Work instruction ->
For this exercise, please transcribe exactly and only the lines from the one containing "Pin On Beautiful" through the end of the material, both ends included, without pictures.

Source data ->
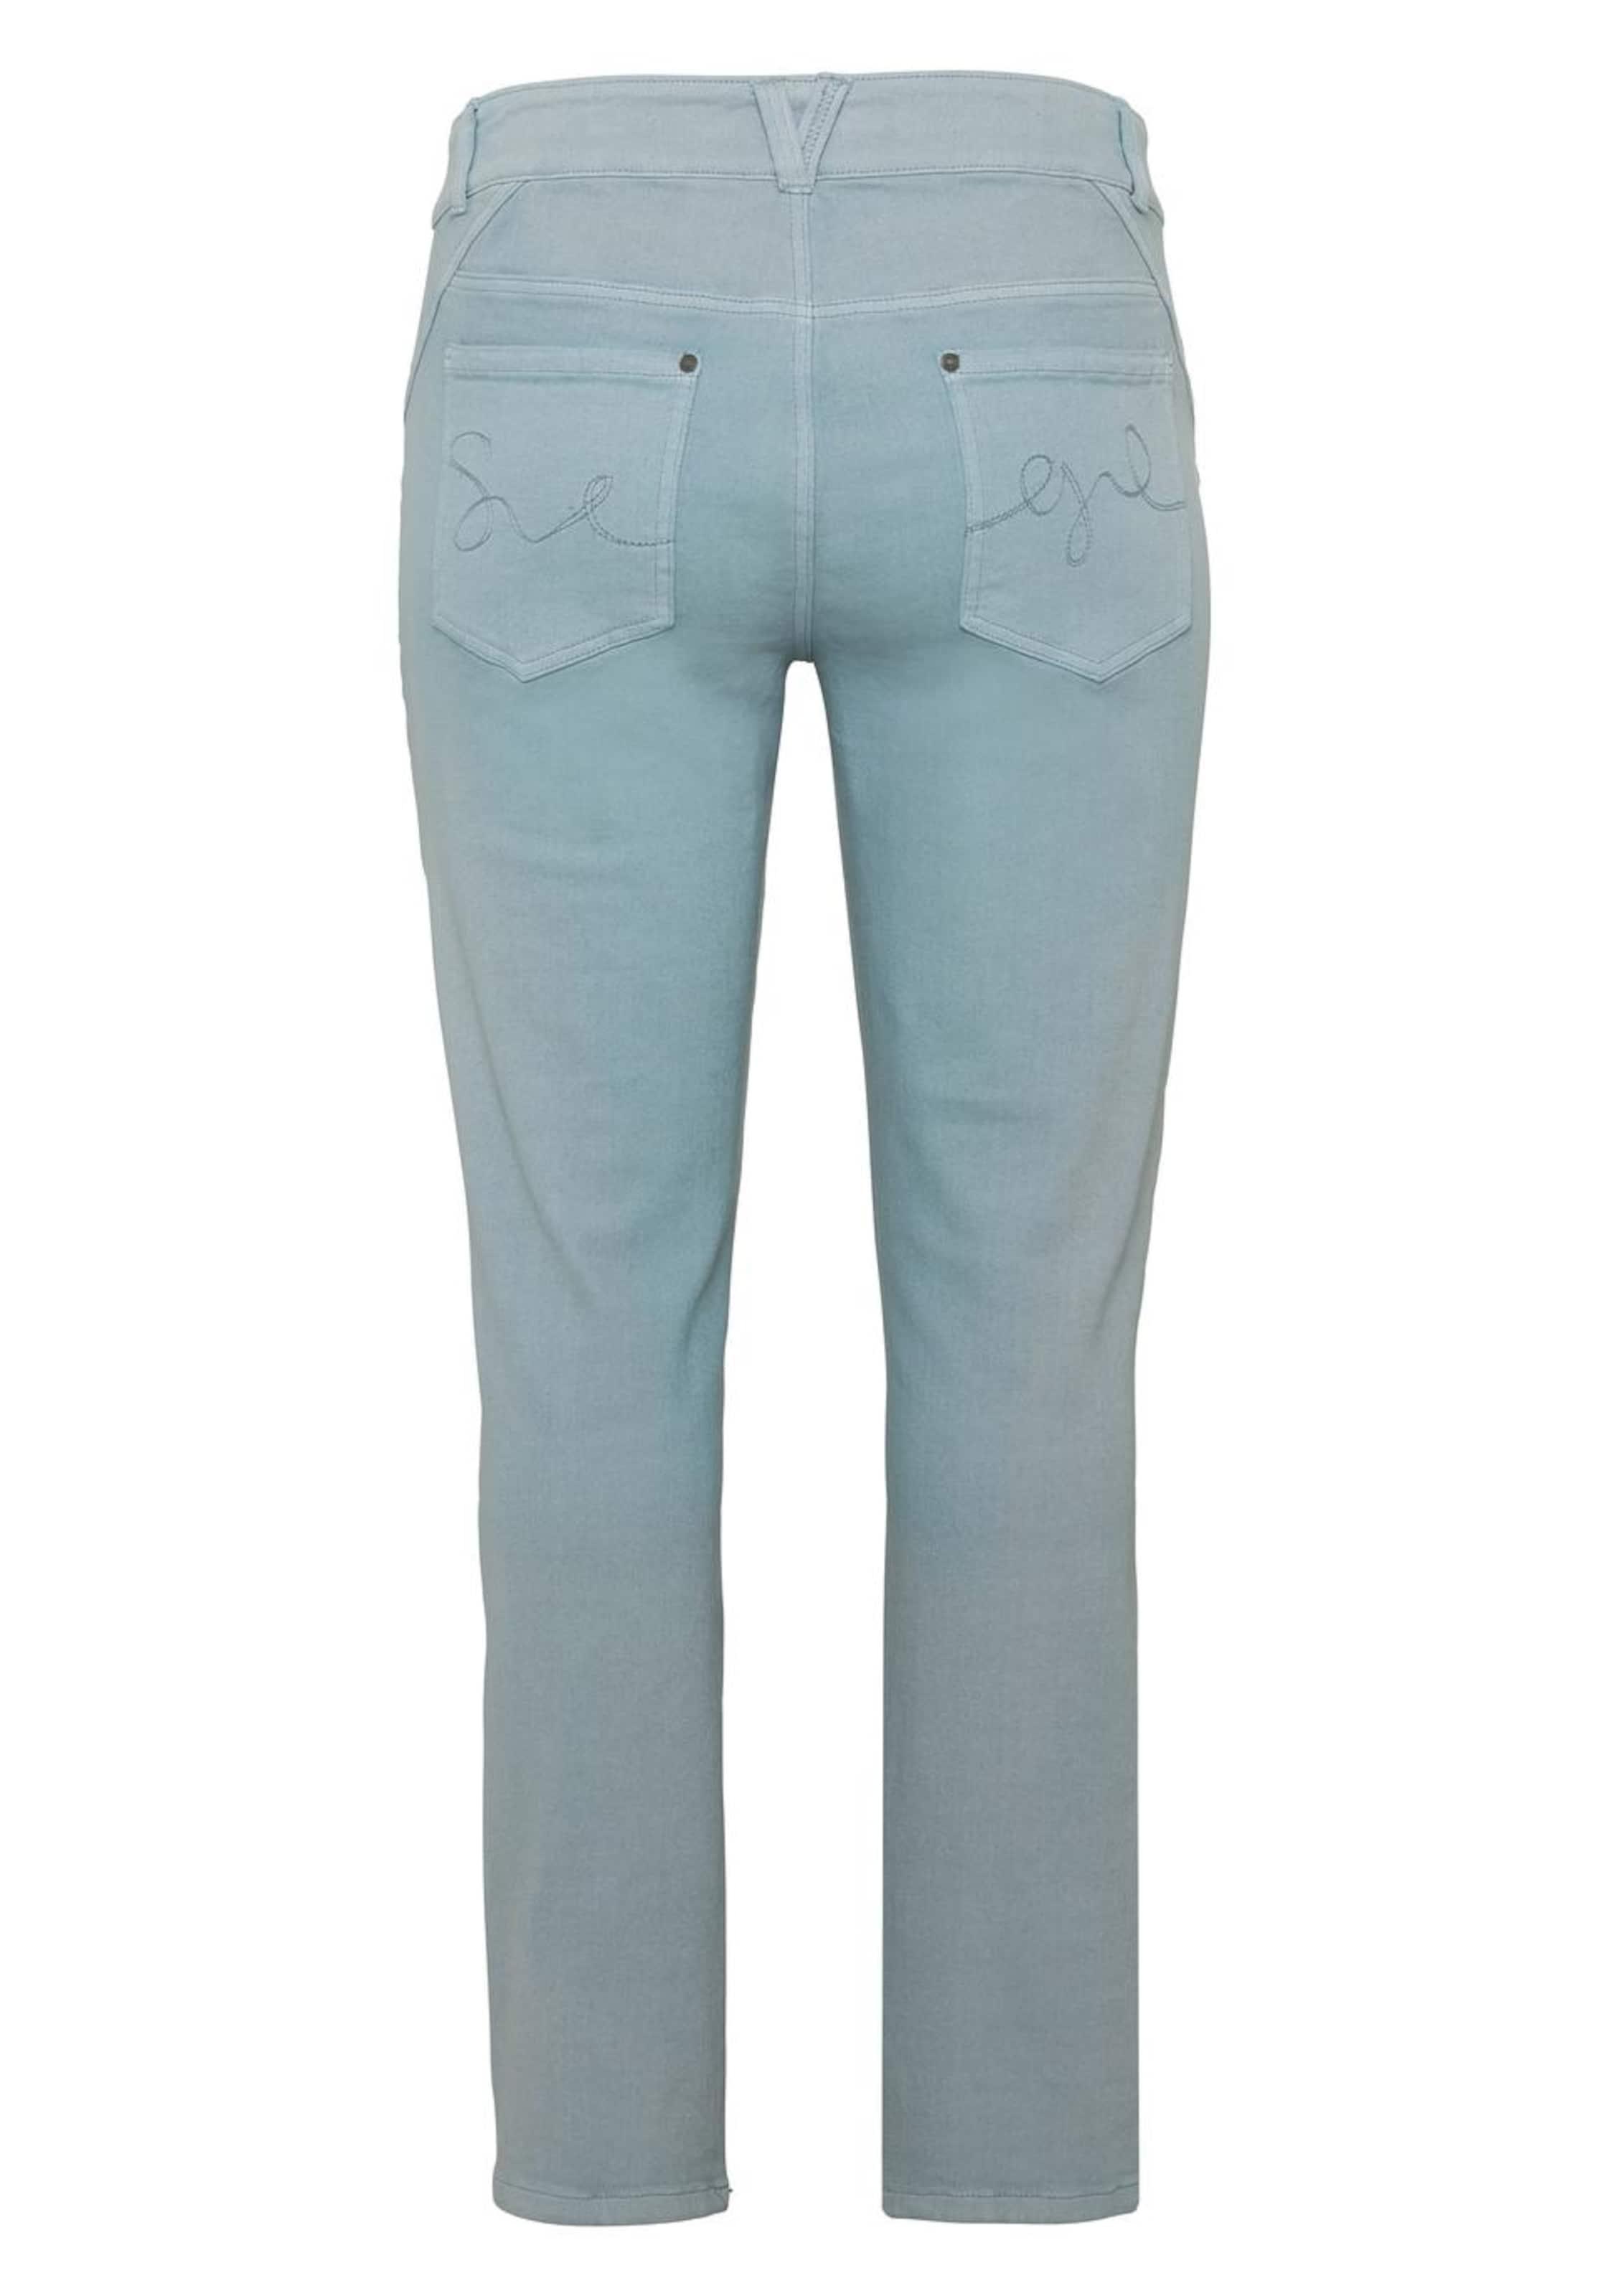 Sheego Jeans Sheego In Jeans Pastellblau In In Pastellblau Sheego Jeans 9bWEeYD2HI
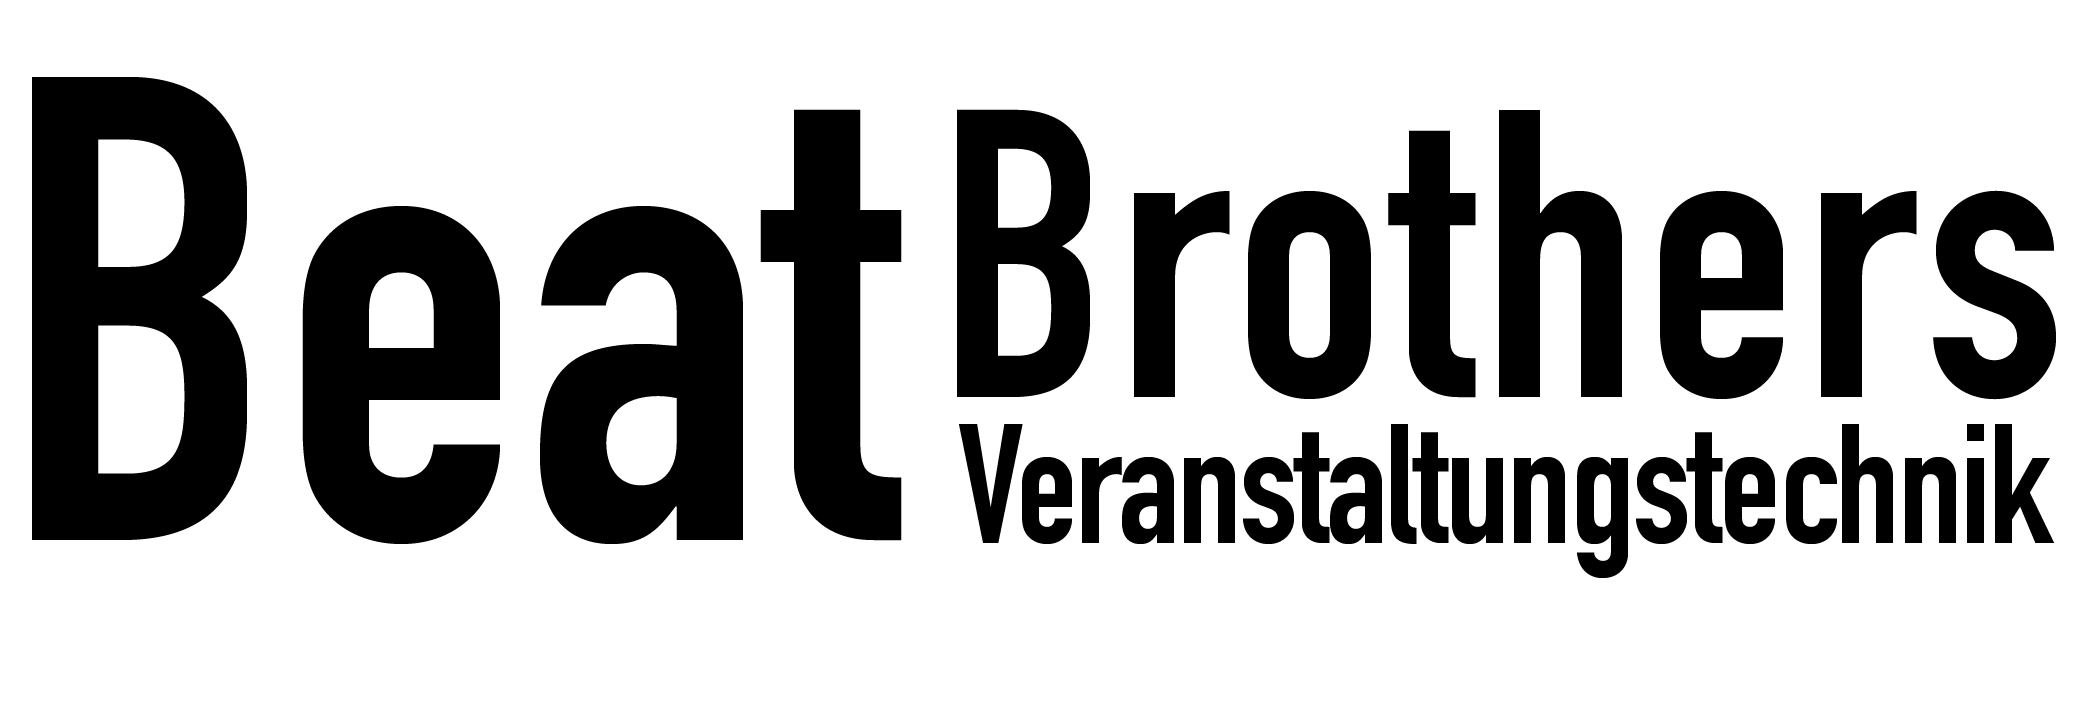 Beatbrothers Veranstaltungstechnik GbR
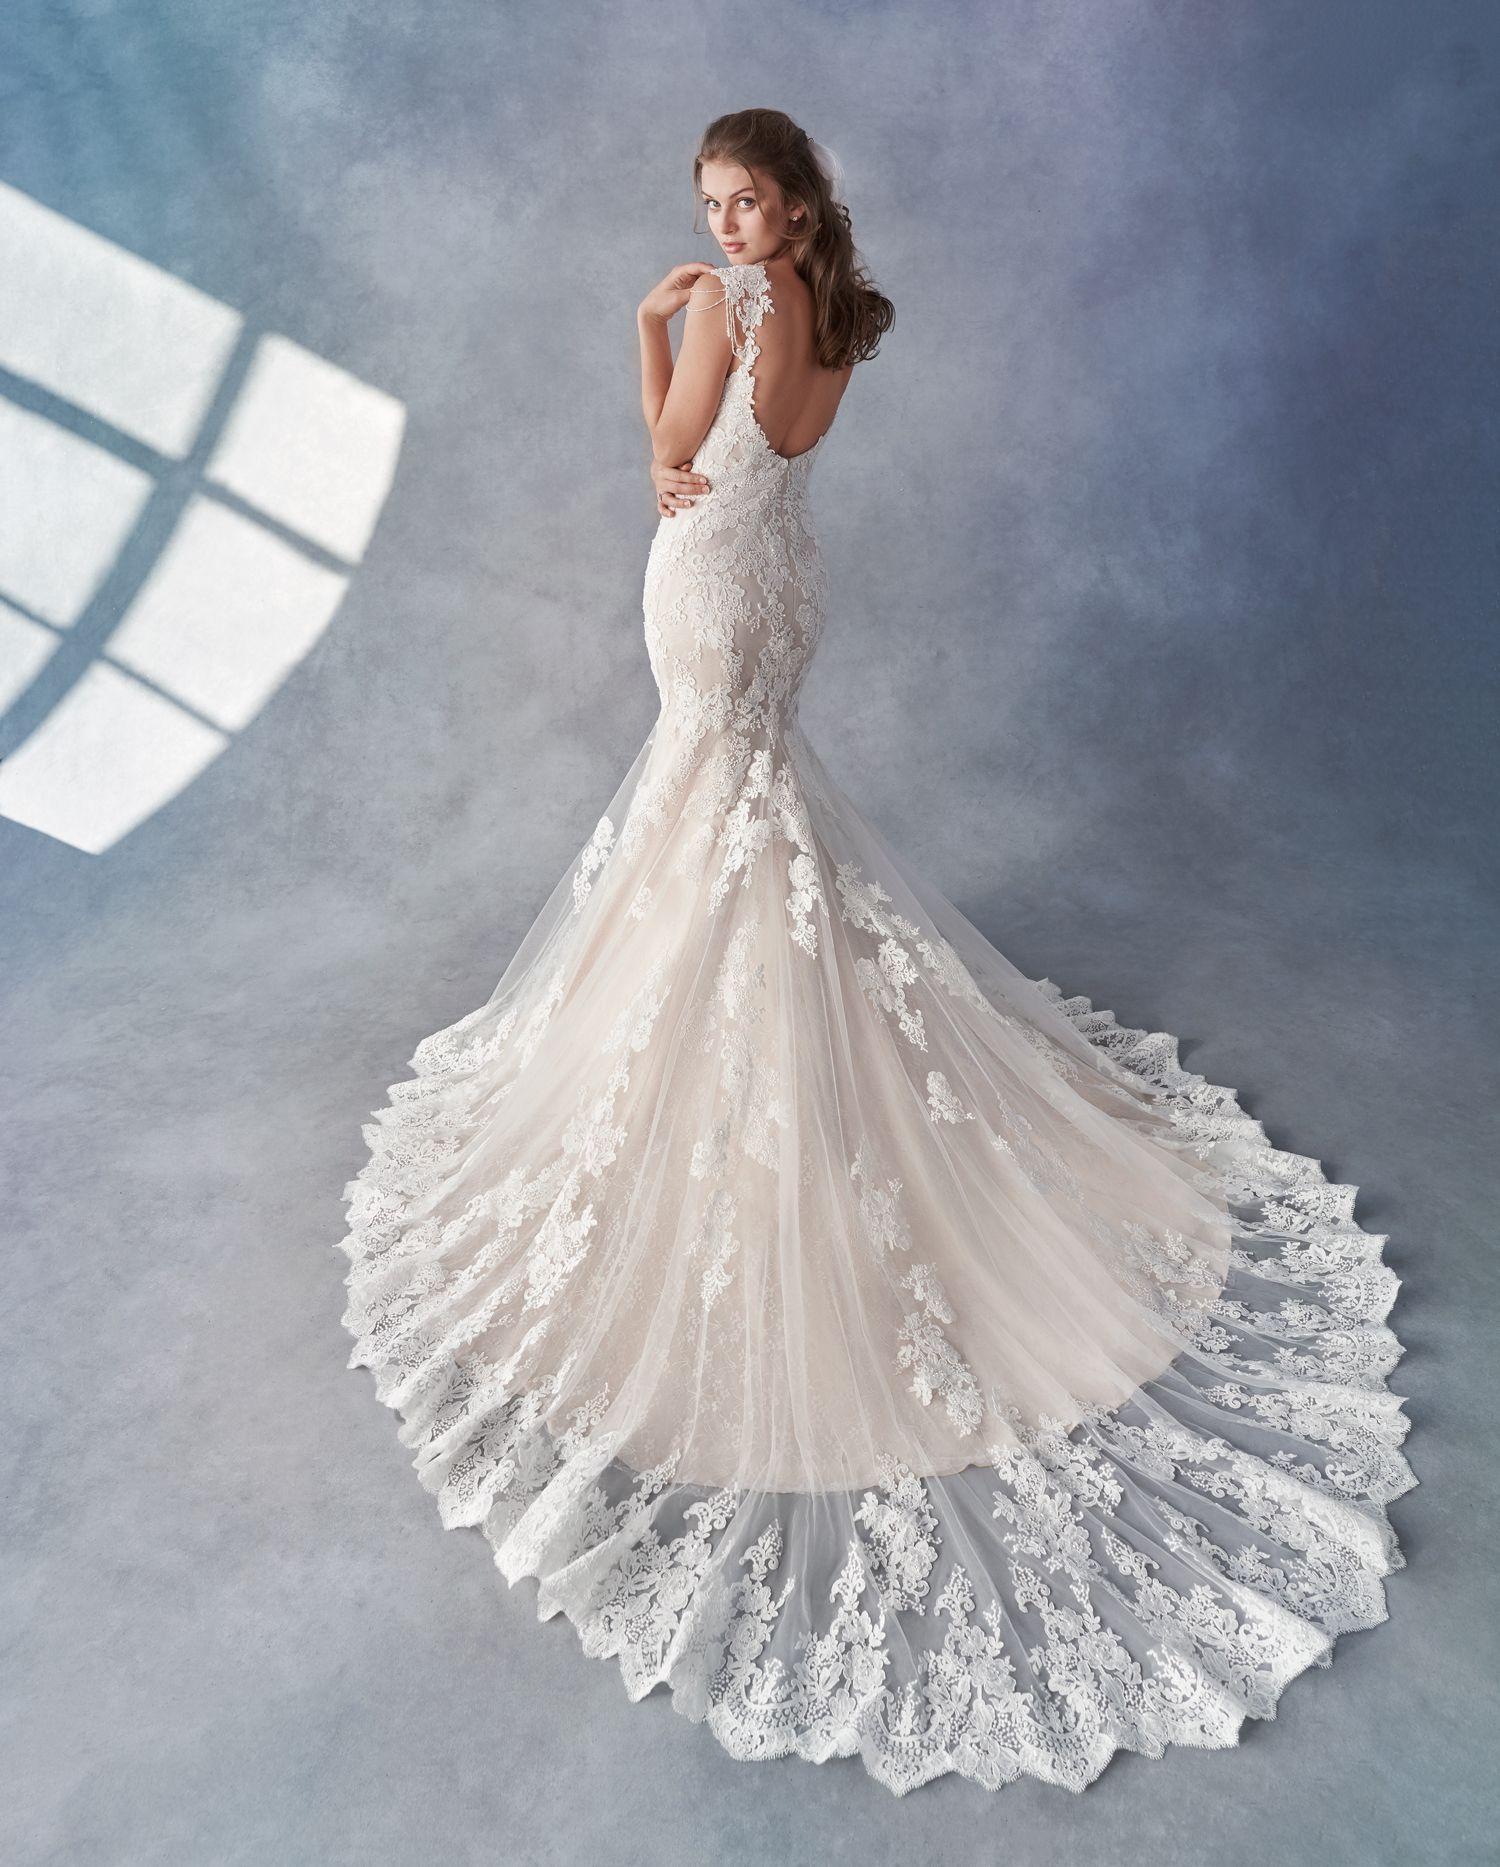 Pin On Beautiful Wedding Dresses And Bridalwear Inspiration [ 1867 x 1500 Pixel ]
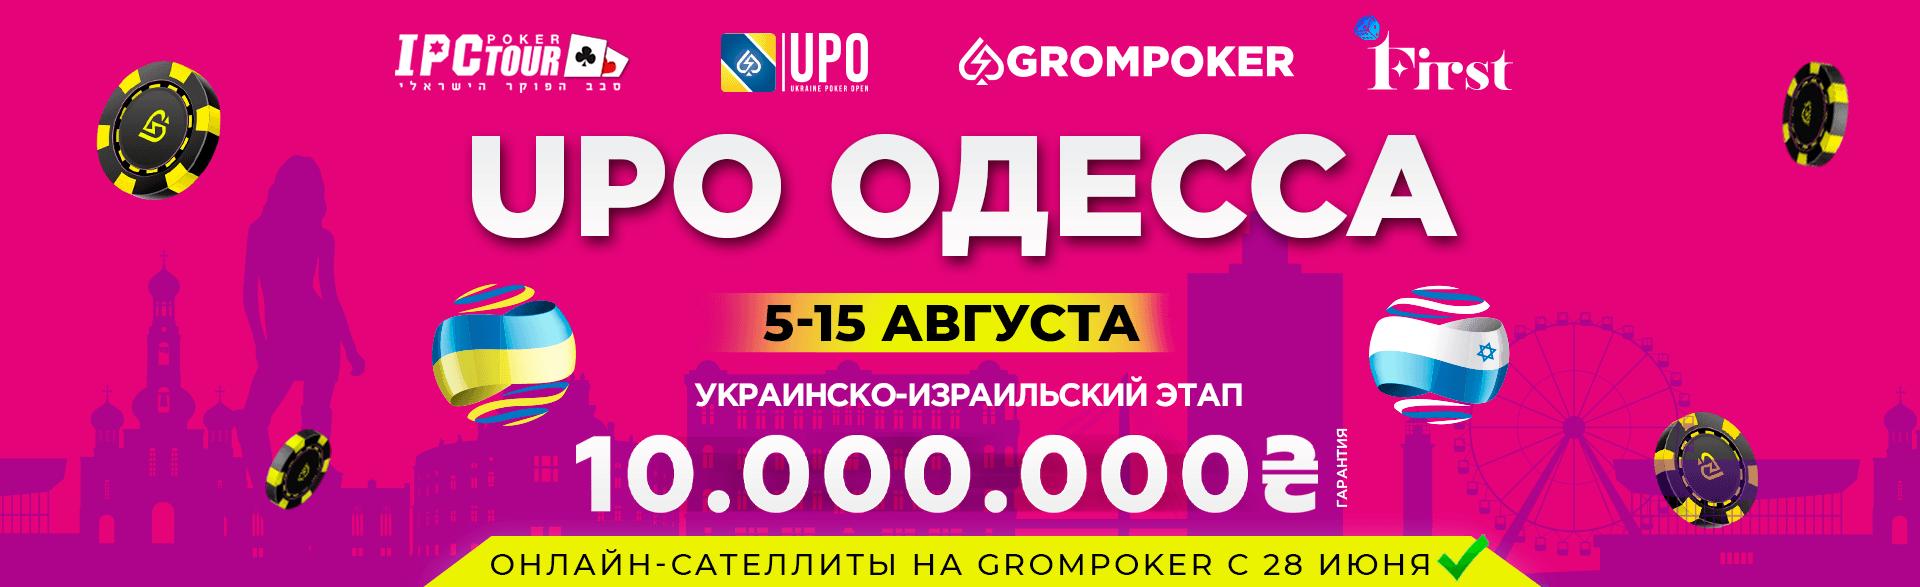 UPO & IPC Одесса

Result below ->
 Pin On Beautiful Wedding Dresses And Bridalwear Inspiration [ 1867 x 1500 Pixel ]
 UPO & IPC Одесса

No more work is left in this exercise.